After a another comprehensive ultrasound with Doppler studies Dr. Paek came in to review the results. Fluids remained the same but the Doppler showed the blood flow in Baby A’s MCA had improved! We’re starting to understand no bad news is actually good news. We’re also beginning to understand that we will live ultrasound to ultrasound until these babies are delivered.

I’m scheduled to come back Monday Jan 18th.

For the record, Dr. Walker and Dr. Paek have been the most compassionate doctor’s I’ve ever seen. I had low expectations of bedside manner since they’re surgeons; I’ve come to expect through experience that surgeons know their field of expertise and compartmentalize the horrors they must endure. I don’t expect them to be kind or to be able to truly explain complicated medical conditions, symptoms and surgical techniques in layperson terms. These two people have treated me with more humanity and kindness that I ever expected while maintaining the utmost professionalism. This culture is prevalent from the nurses who check me in and ready me for grueling ultrasounds, to the techs who draw my blood, to the surgical coordinator Melissa who has been phenomenal to me since the day I was referred.
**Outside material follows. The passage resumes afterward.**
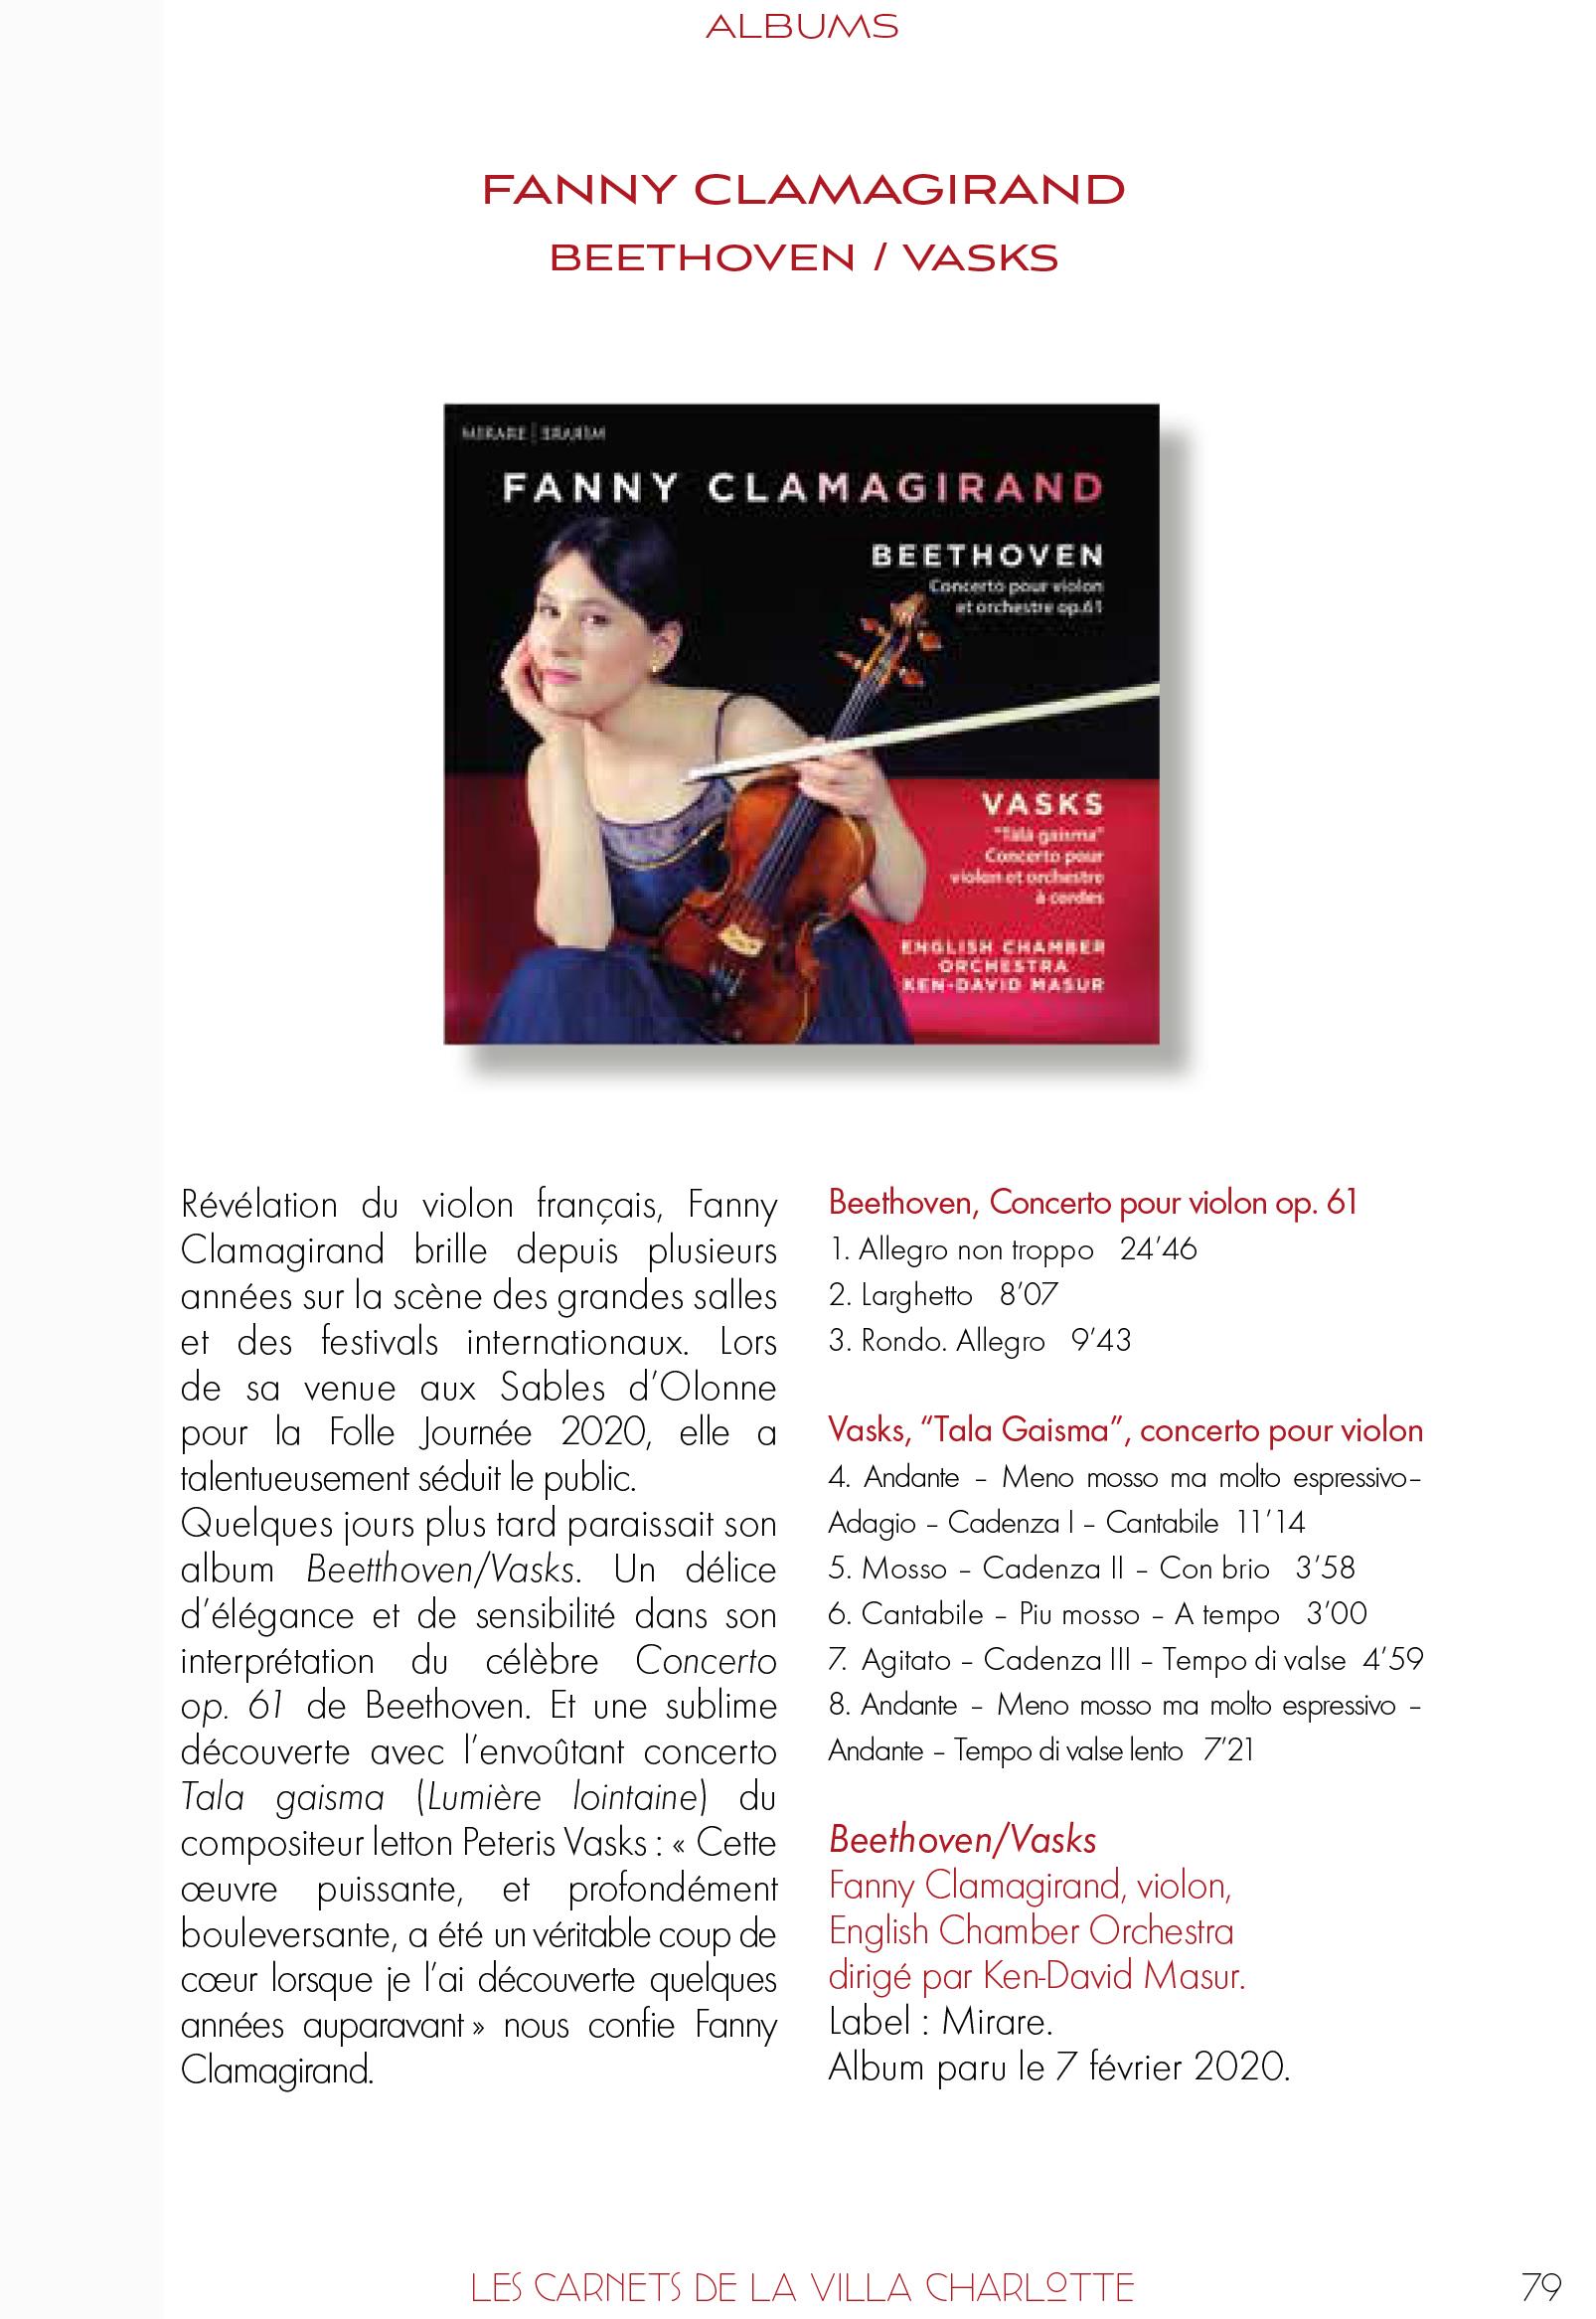 Nouvel album Fanny Clamagirand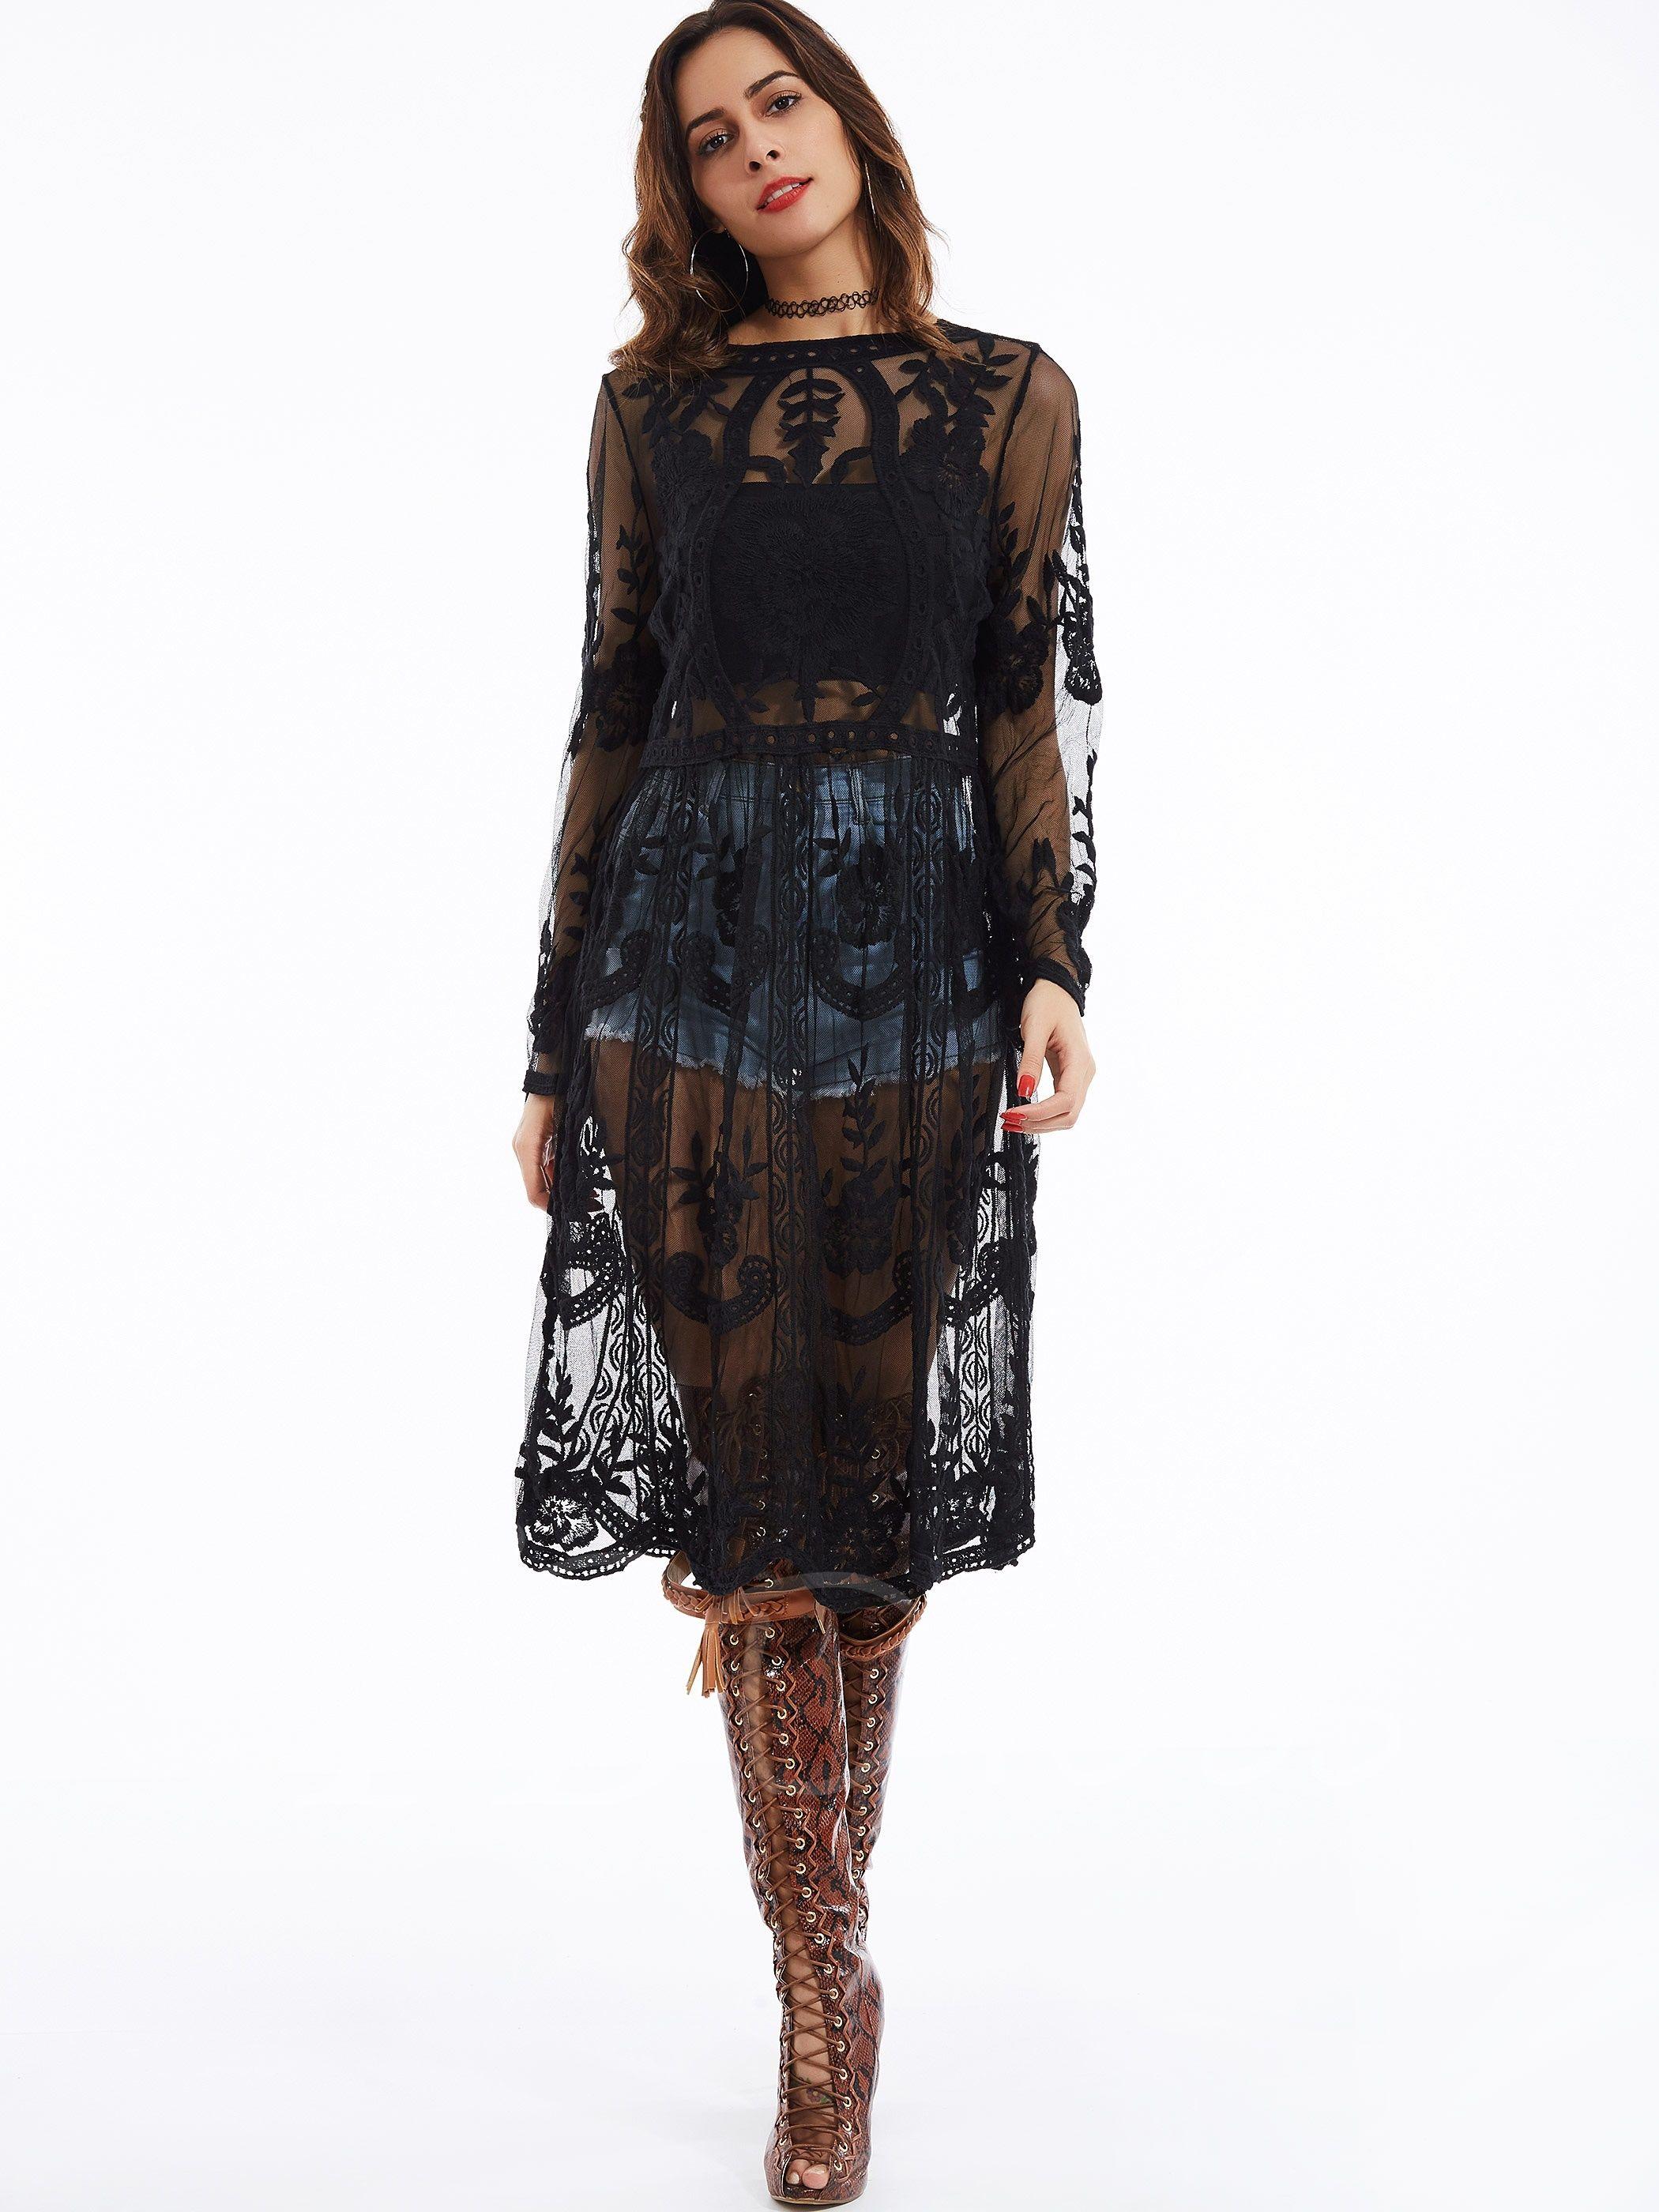 Black See Through Women S Lace Dress Women Lace Dress Lace Dress Dresses [ 2800 x 2100 Pixel ]

I requested to fully transfer my OB care to this practice not only because it appears we will have a long road (not just a consult with resolution that might send me back to my Swedish MFM doctors) but also because the level of compassion and quality care I am receiving has literally blown me away.

I believe with my whole heart and soul that I could not be getting better medical care or in better hands. Thank you, God, for divine intervention when we need it most.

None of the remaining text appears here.